■ Material provided

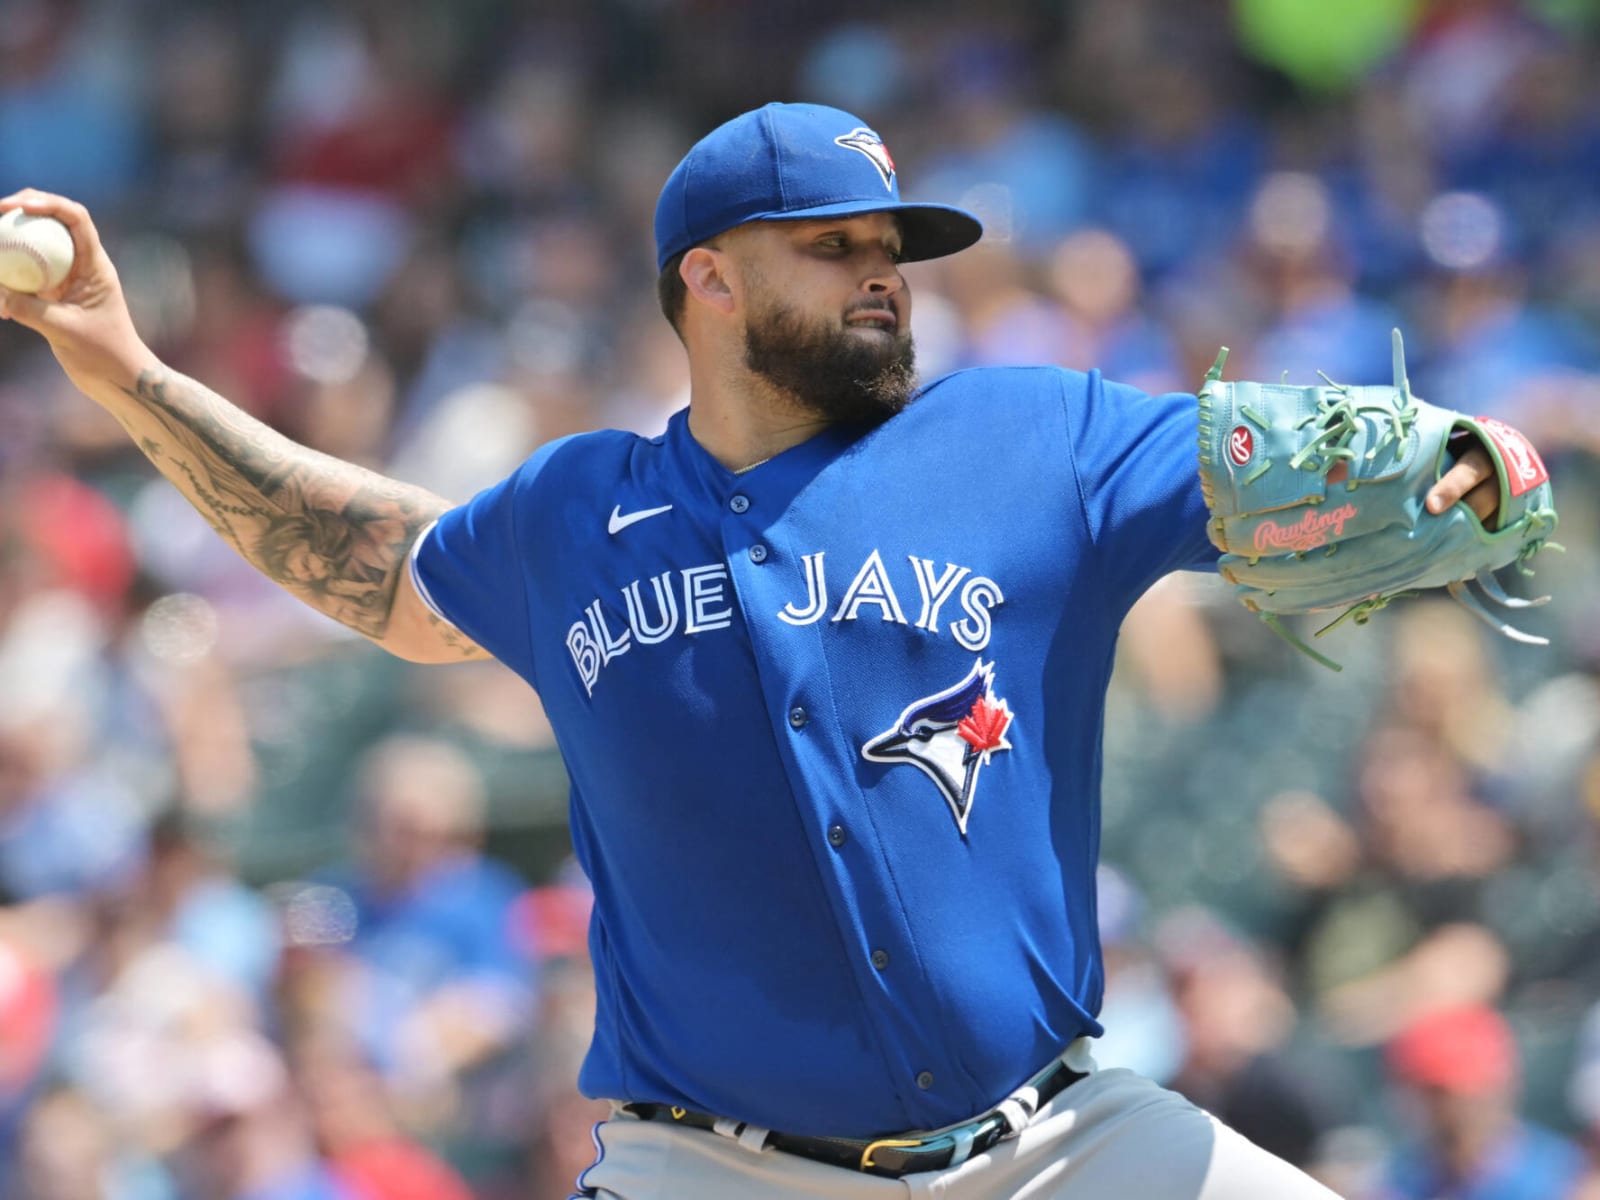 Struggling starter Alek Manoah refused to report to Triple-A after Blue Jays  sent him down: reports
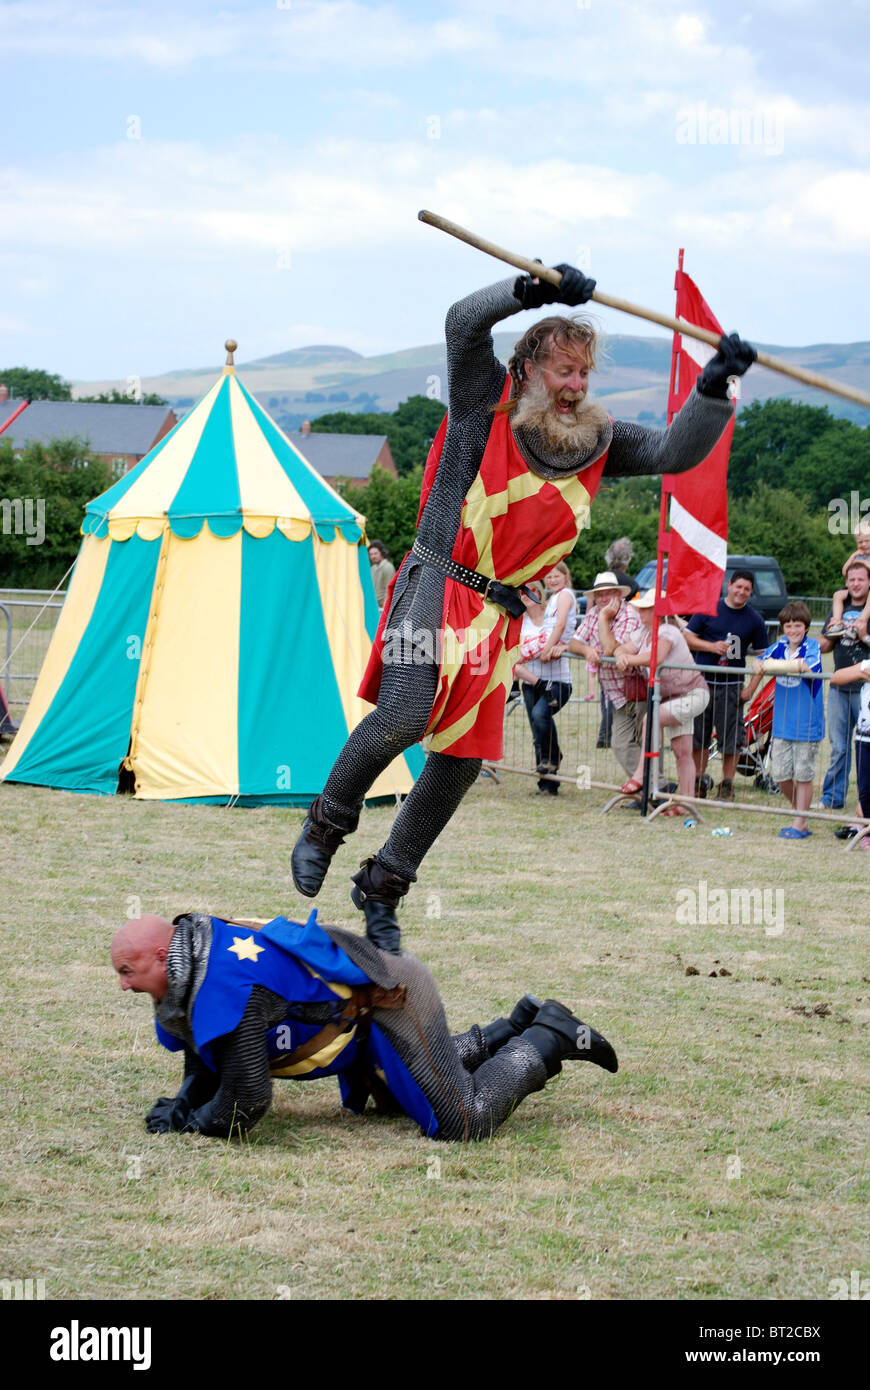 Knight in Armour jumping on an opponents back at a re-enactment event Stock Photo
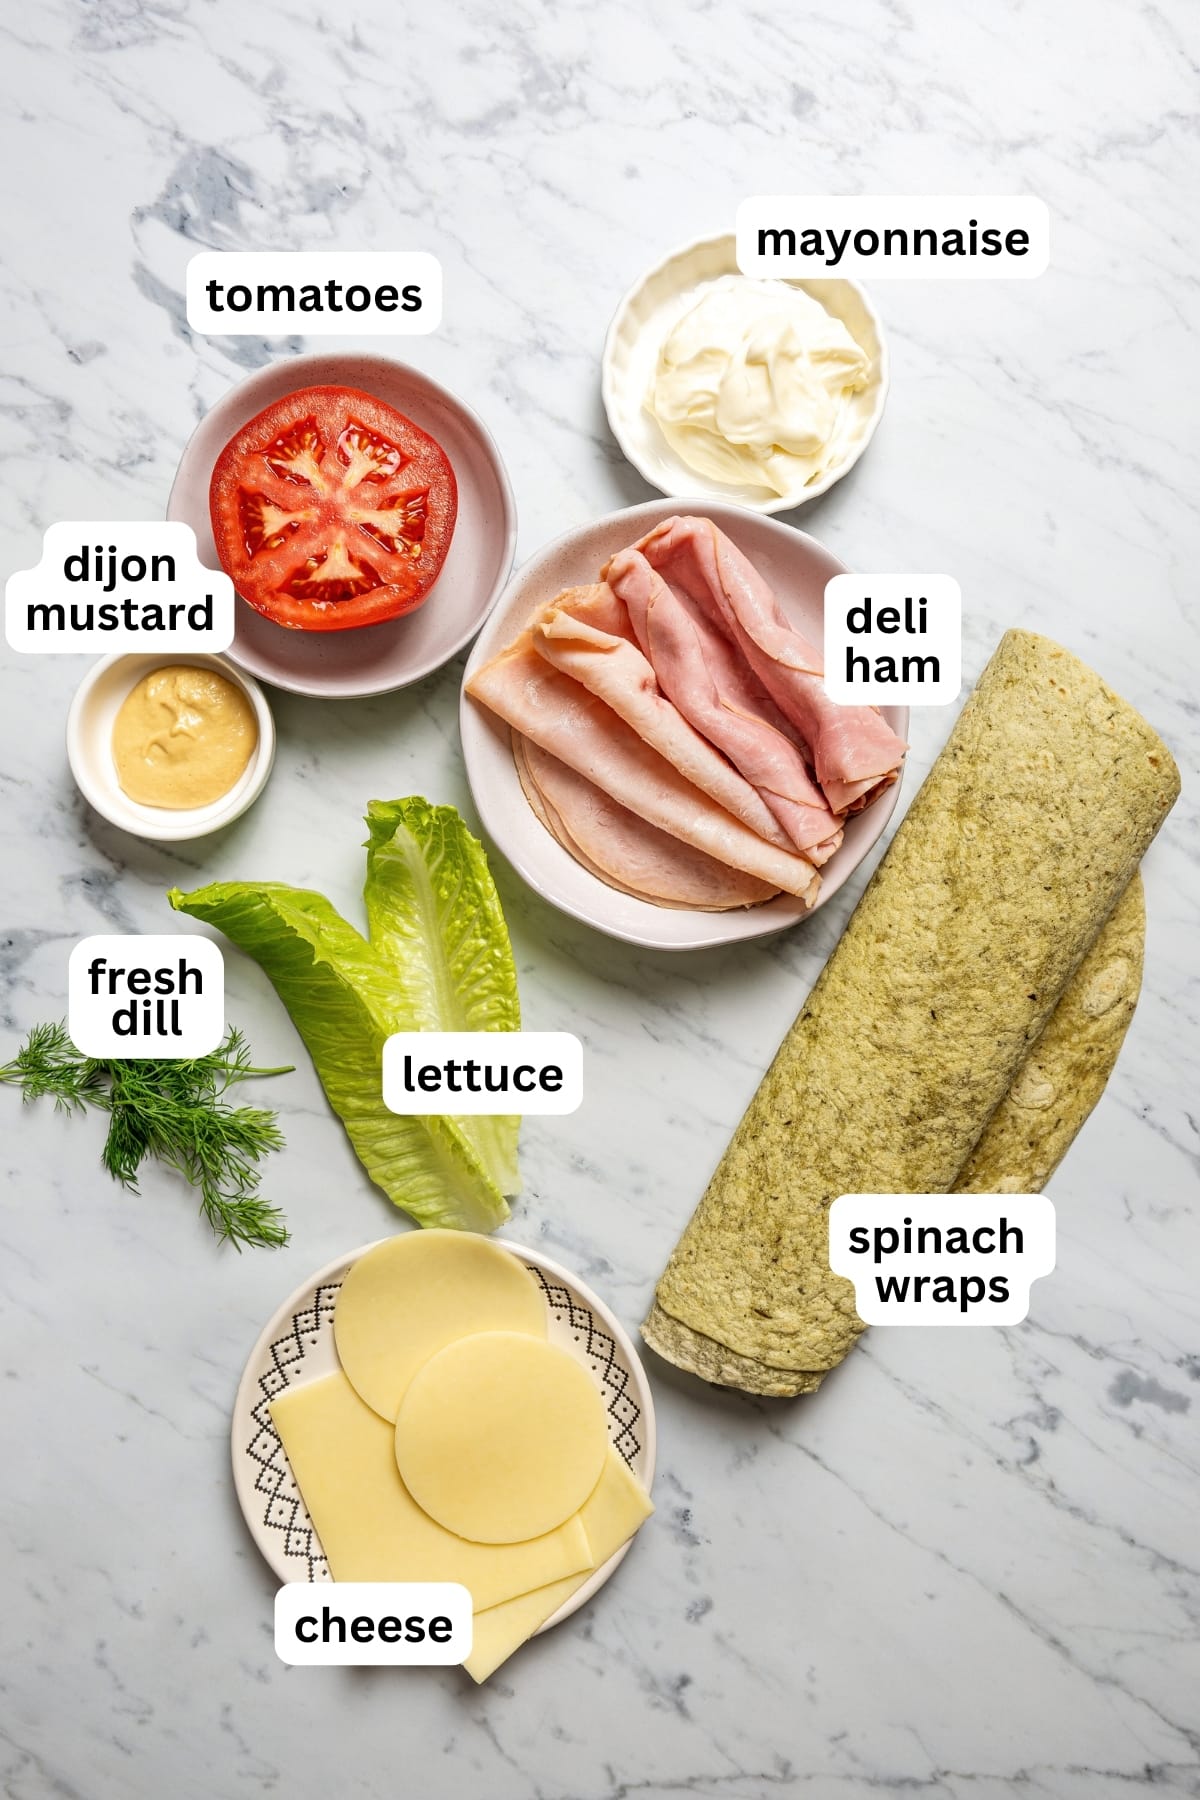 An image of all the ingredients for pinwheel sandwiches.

■ Description of the task
When a line carries an image, skip the image and repeat everything else above exactly as written.

■ Your solution
 Struggling starter Alek Manoah refused to report to Triple-A after Blue Jays  sent him down: reports
 Knight in Armour jumping on an opponents back at a re-enactment event Stock Photo
 An image of all the ingredients for pinwheel sandwiches.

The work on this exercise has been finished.